Argo Rollouts adalah controller Kubernetes dan sekumpulan CRD yang menyediakan kemampuan deployment lanjutan seperti blue-green, canary, canary analysis, experiment, dan progressive delivery.

Model konseptual:

Resource inti:

Resource	Fungsi
`Rollout`	pengganti/alternatif Deployment untuk strategy advanced
`AnalysisTemplate`	template metric gate
`AnalysisRun`	eksekusi analysis aktual
`Experiment`	menjalankan beberapa ReplicaSet untuk eksperimen terkontrol
traffic routing integration	mengubah router/mesh/ingress untuk weight traffic

Contoh struktur canary konseptual:

apiVersion: argoproj.io/v1alpha1
kind: Rollout
metadata:
  name: payment-api
spec:
  replicas: 10
  selector:
    matchLabels:
      app.kubernetes.io/name: payment-api
  template:
    metadata:
      labels:
        app.kubernetes.io/name: payment-api
    spec:
      containers:
        - name: app
          image: registry.example.com/payment-api:2.4.0
          ports:
            - containerPort: 8080
  strategy:
    canary:
      steps:
        - setWeight: 5
        - pause:
            duration: 5m
        - analysis:
            templates:
              - templateName: payment-api-slo-check
        - setWeight: 25
        - pause:
            duration: 10m
        - setWeight: 50
        - pause:
            duration: 10m

Contoh AnalysisTemplate konseptual:

apiVersion: argoproj.io/v1alpha1
kind: AnalysisTemplate
metadata:
  name: payment-api-slo-check
spec:
  metrics:
    - name: success-rate
      interval: 1m
      count: 5
      successCondition: result[0] >= 0.995
      failureLimit: 1
      provider:
        prometheus:
          address: http://prometheus.monitoring.svc.cluster.local:9090
          query: |
            sum(rate(http_requests_total{app="payment-api",status!~"5.."}[2m]))
            /
            sum(rate(http_requests_total{app="payment-api"}[2m]))

Important design note:

Argo Rollouts can automate promotion, but it cannot invent correct metrics.
The hard engineering work is metric semantics, compatibility, and blast-radius design.

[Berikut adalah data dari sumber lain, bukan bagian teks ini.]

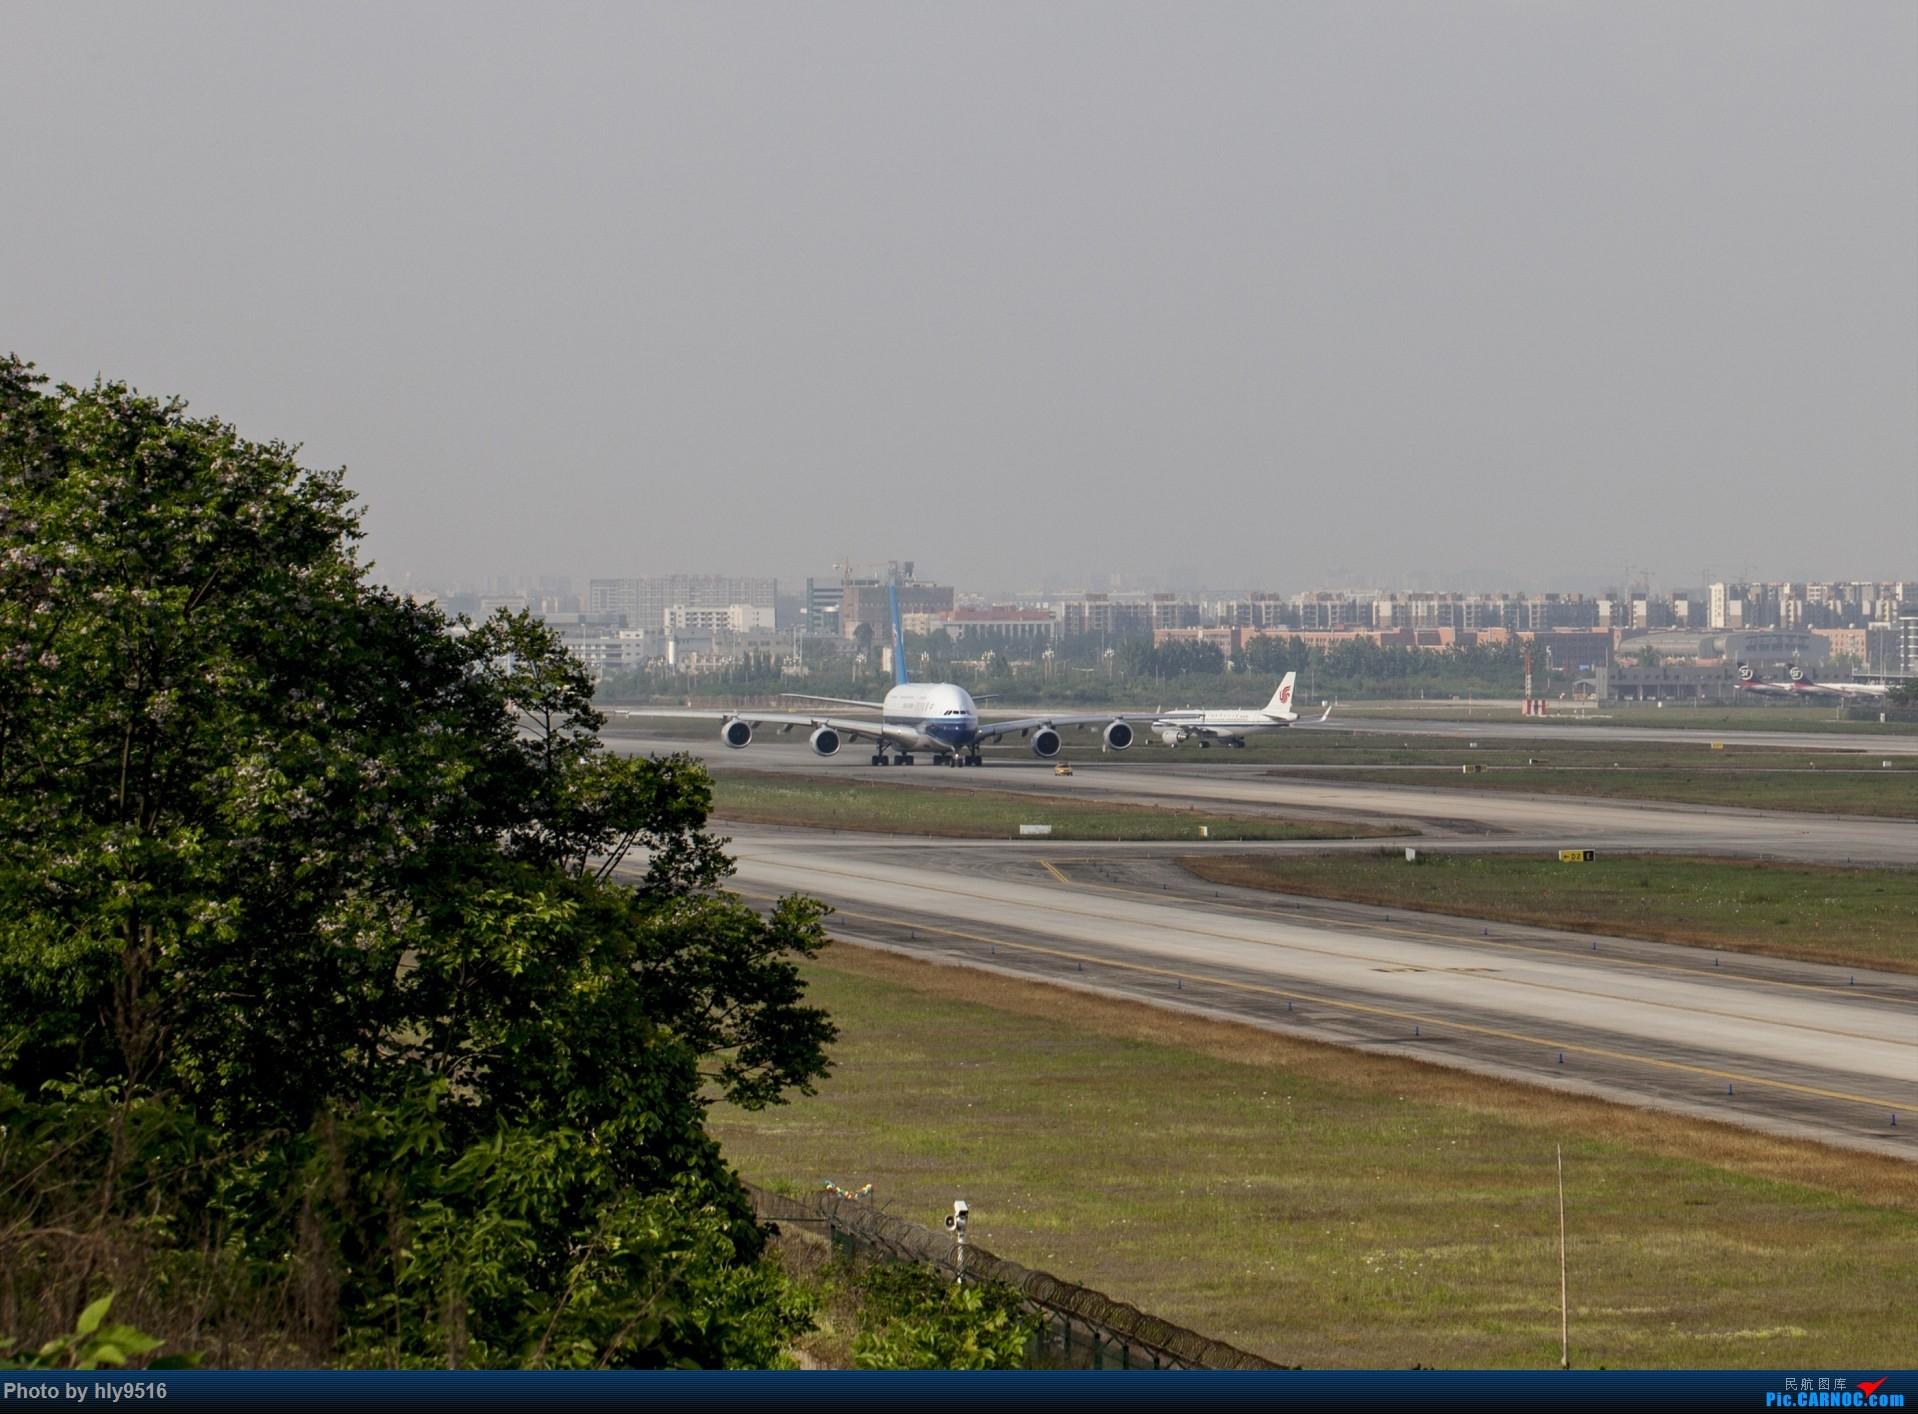 Re:[原创]【CTU】终于解决了大怨念南航A380 偶遇长荣新涂装 两次复飞 小怨念若干    中国成都双流国际机场

13. Progressive Delivery with Flagger

Flagger adalah progressive delivery tool dalam ekosistem Flux yang dapat melakukan canary, A/B testing, blue-green, traffic mirroring, automated analysis, promotion, dan rollback menggunakan ingress controller atau service mesh serta metric backend.

Model konseptual:

Contoh konseptual:

apiVersion: flagger.app/v1beta1
kind: Canary
metadata:
  name: payment-api
spec:
  targetRef:
    apiVersion: apps/v1
    kind: Deployment
    name: payment-api
  progressDeadlineSeconds: 600
  service:
    port: 80
    targetPort: 8080
  analysis:
    interval: 1m
    threshold: 5
    maxWeight: 50
    stepWeight: 10
    metrics:
      - name: request-success-rate
        thresholdRange:
          min: 99
        interval: 1m
      - name: request-duration
        thresholdRange:
          max: 500
        interval: 1m

Flagger-style thinking cocok jika organisasi sudah memakai GitOps dan ingin release automation yang mengikat workload, router, metrics, dan alerting.

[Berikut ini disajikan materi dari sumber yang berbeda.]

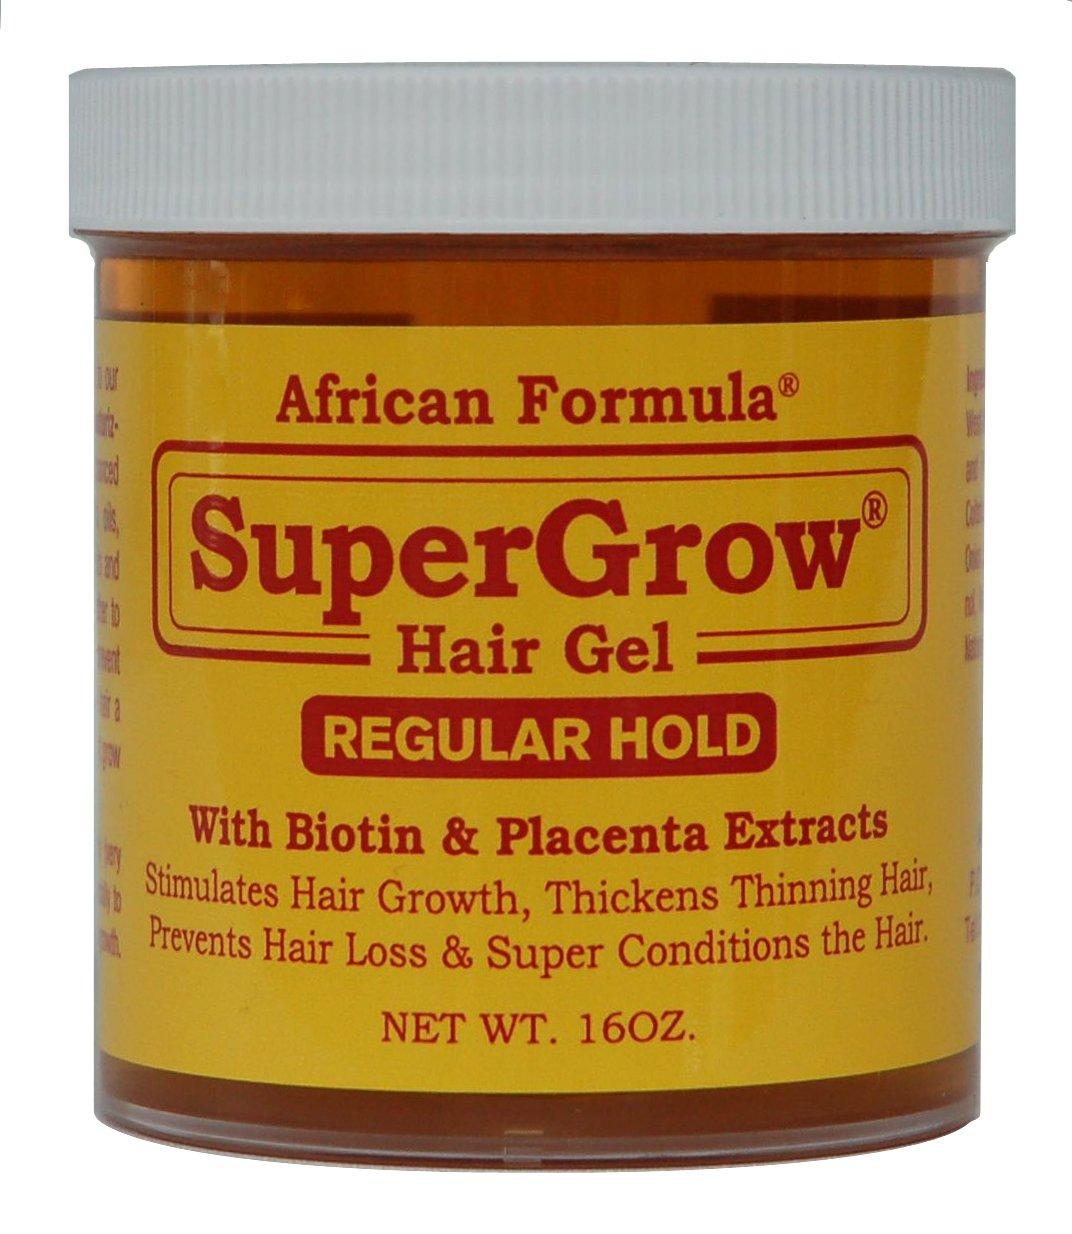 SuperGrow Hair Gel Regular Hold 16 oz

14. Manual Gate vs Automated Gate

Tidak semua gate harus otomatis. Tidak semua approval harus manual.

Gate Type	Cocok Untuk	Anti-pattern
Automated preflight	lint, policy, image signature, unit/contract test	human approval untuk hal deterministic
Automated canary metrics	clear SLO, high traffic, stable metric	metric tidak reliable tapi tetap auto-promote
Manual approval	high-risk change, compliance, migration	approval tanpa evidence
Time window gate	market hours, regulatory freeze, low-support hours	freeze permanen tanpa risk model
Incident-aware gate	block deploy saat SEV active	ignore degraded dependency

Pattern yang baik:

Machine checks what machines can verify.
Humans decide trade-offs when evidence is incomplete or risk is socio-technical.

15. Readiness, Liveness, Startup Probe as Rollout Gates

Probe bukan progressive delivery, tetapi menjadi input penting.

Probe	Fungsi	Rollout Implication
`startupProbe`	memberi waktu aplikasi start tanpa dianggap dead	mencegah restart prematur saat cold start
`readinessProbe`	menentukan apakah Pod menerima traffic	gate minimum sebelum exposure
`livenessProbe`	restart container yang stuck	bisa memperburuk incident jika terlalu agresif

Readiness harus merepresentasikan kemampuan melayani request, bukan sekadar process hidup.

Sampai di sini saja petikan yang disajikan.